## GIVEN ENTRIES
-- Opening Marker --

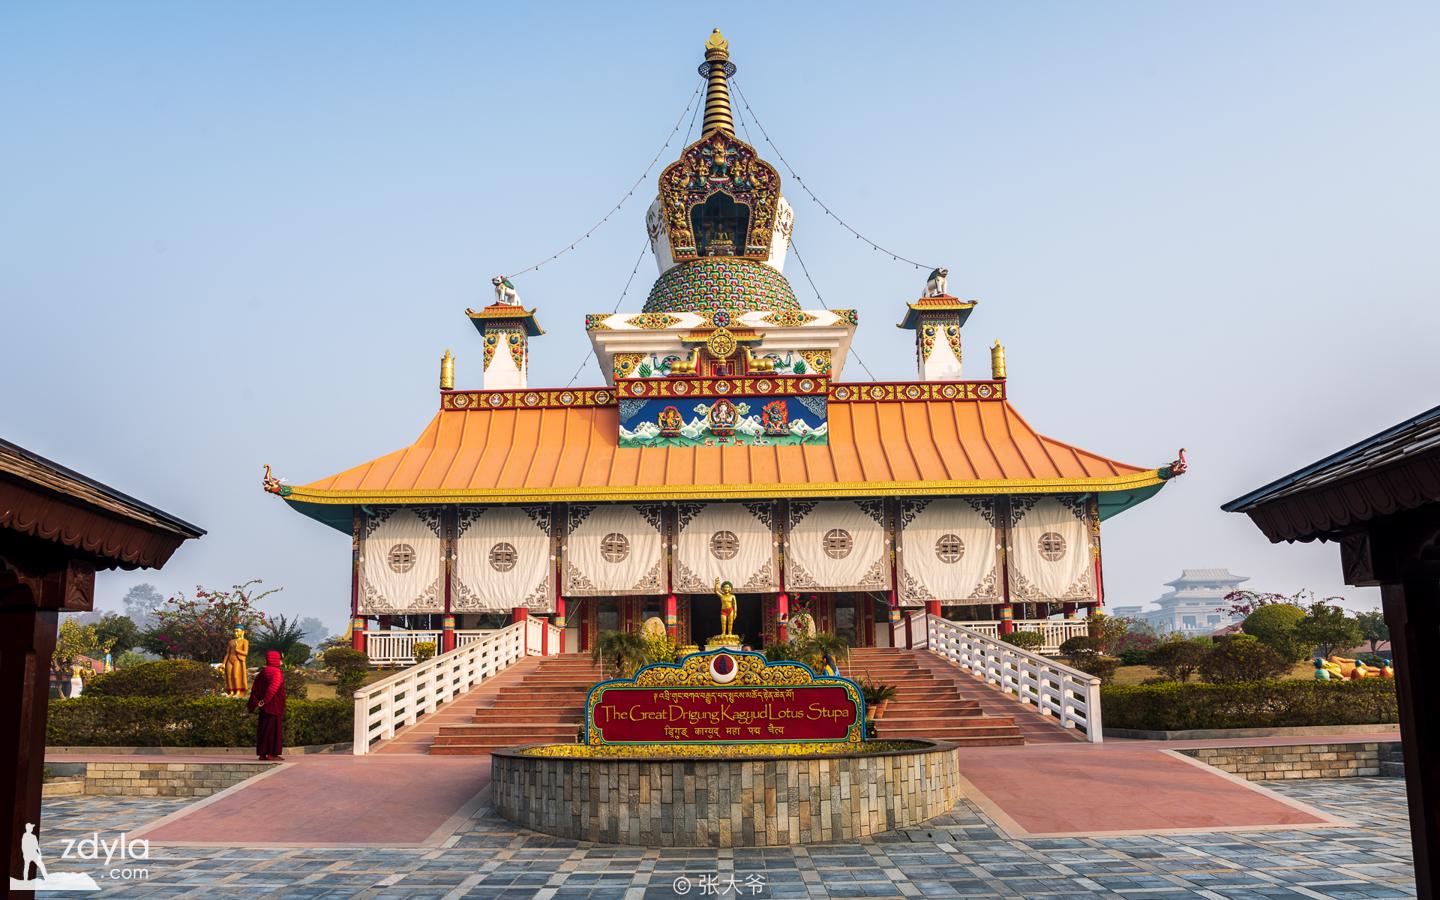 Birthplace of Buddha
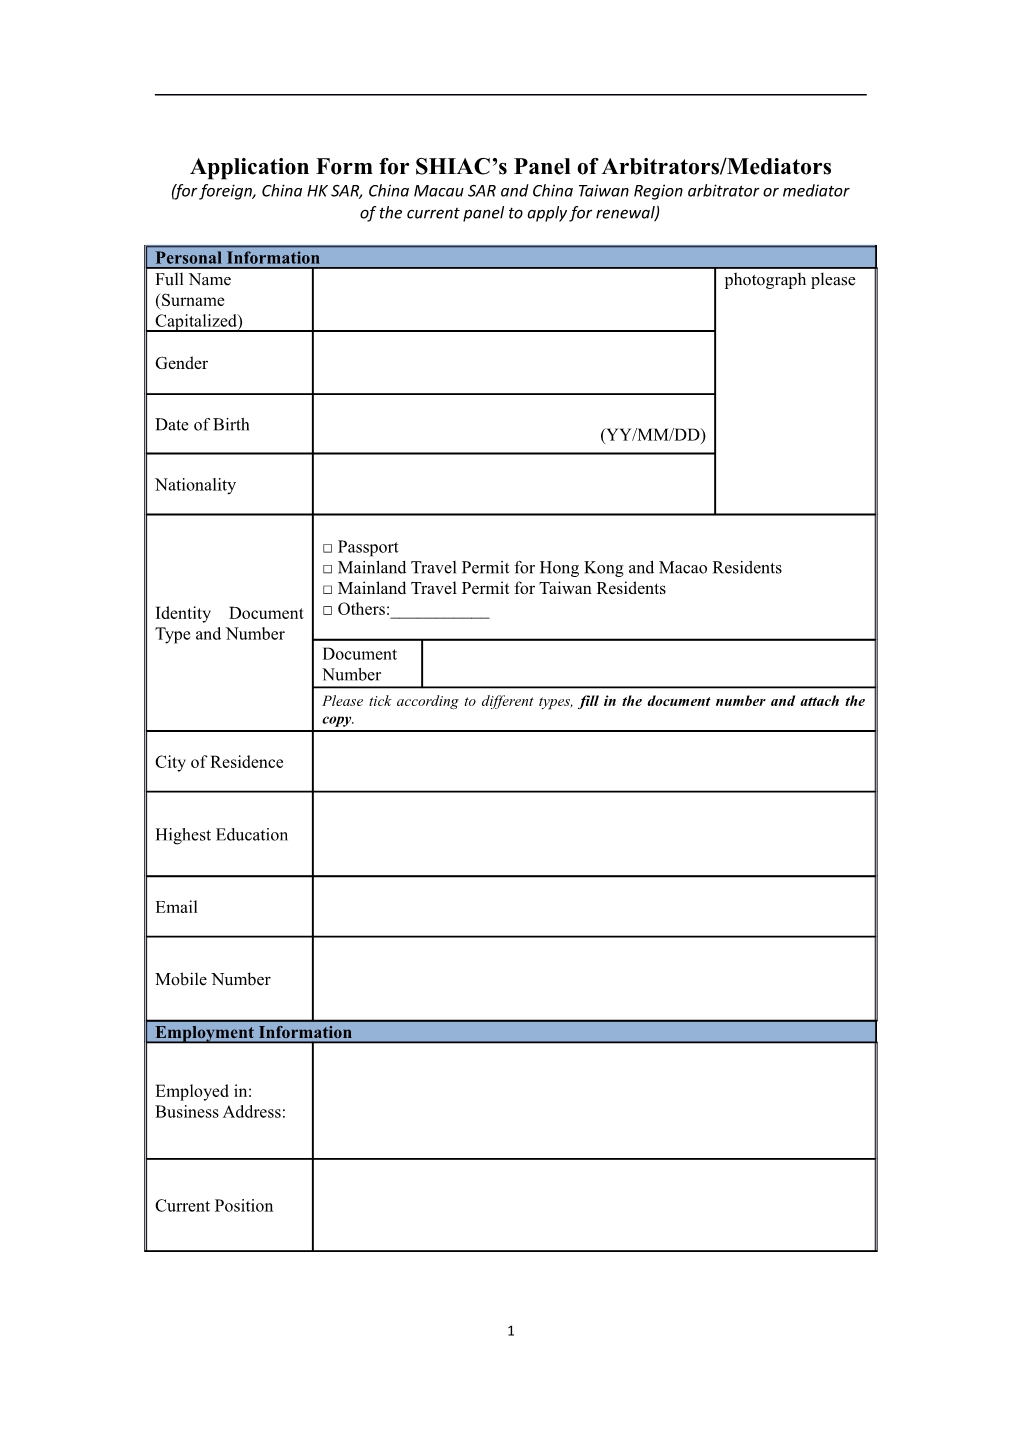 Application Form for SHIAC S Panel of Arbitrators/Mediators
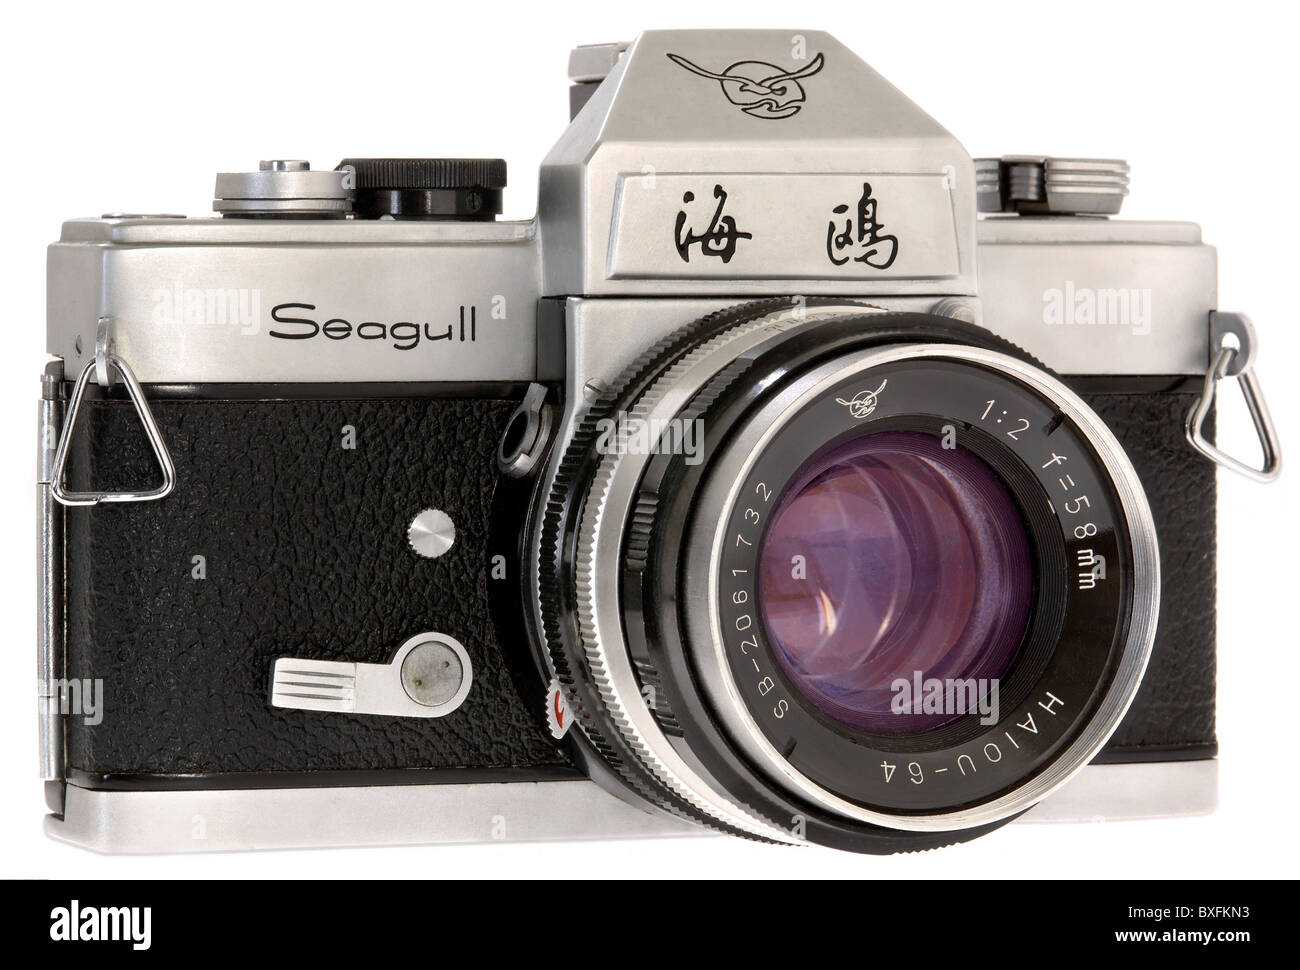 Fotografia, fotocamere, reflex, Seagull, Cina, circa 1979, diritti aggiuntivi-clearences-non disponibile Foto Stock
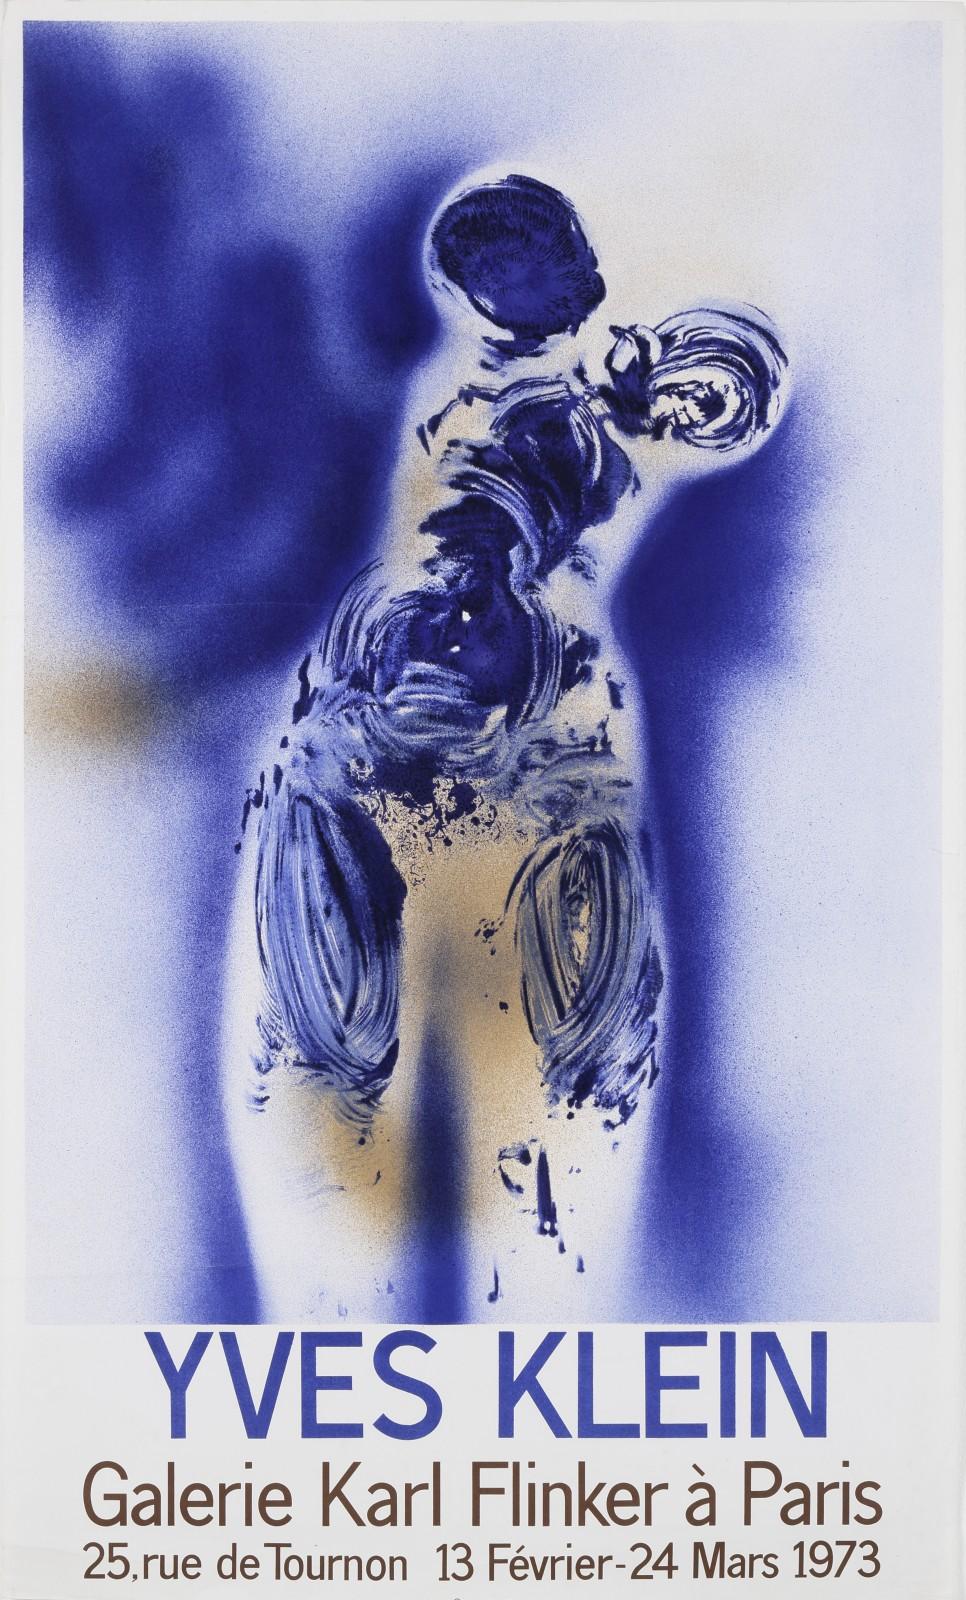 Poster of the exhibition "Yves Klein", Galerie Karl Flinker, 1973
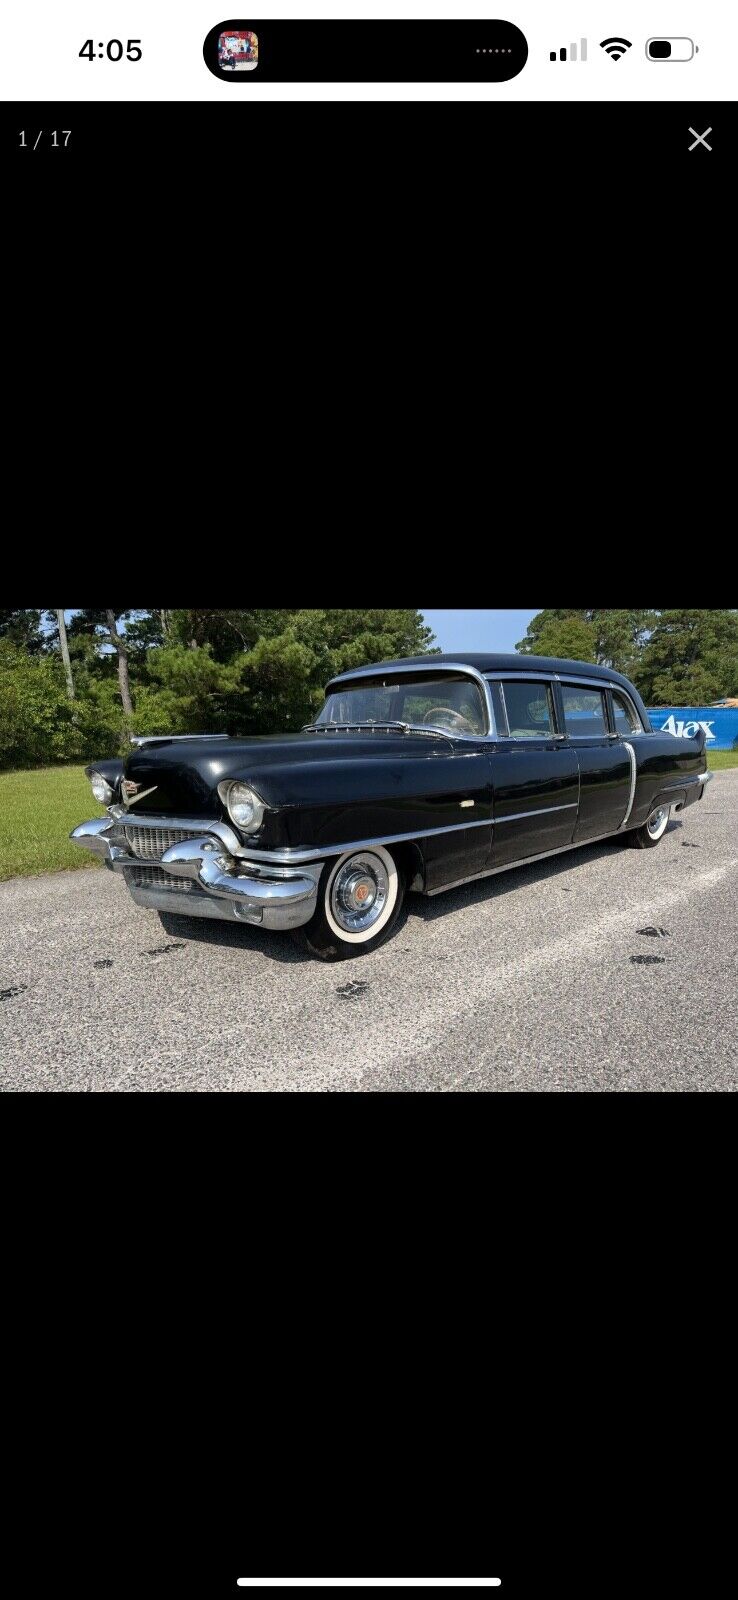 Cadillac Fleetwood Limousine 1956 à vendre

-- Closing Marker --

## PROBLEM TO SOLVE
At the line containing "Fotografia, fotocamere, reflex, Seagull, Cina, circa", start reproducing exactly, and stop after the last line of the listing; include both ends, and leave the pictures out.

## EXERCISE RESULT
 Fotografia, fotocamere, reflex, Seagull, Cina, circa 1979, diritti aggiuntivi-clearences-non disponibile Foto Stock
 Poster of the exhibition "Yves Klein", Galerie Karl Flinker, 1973
 Cadillac Fleetwood Limousine 1956 à vendre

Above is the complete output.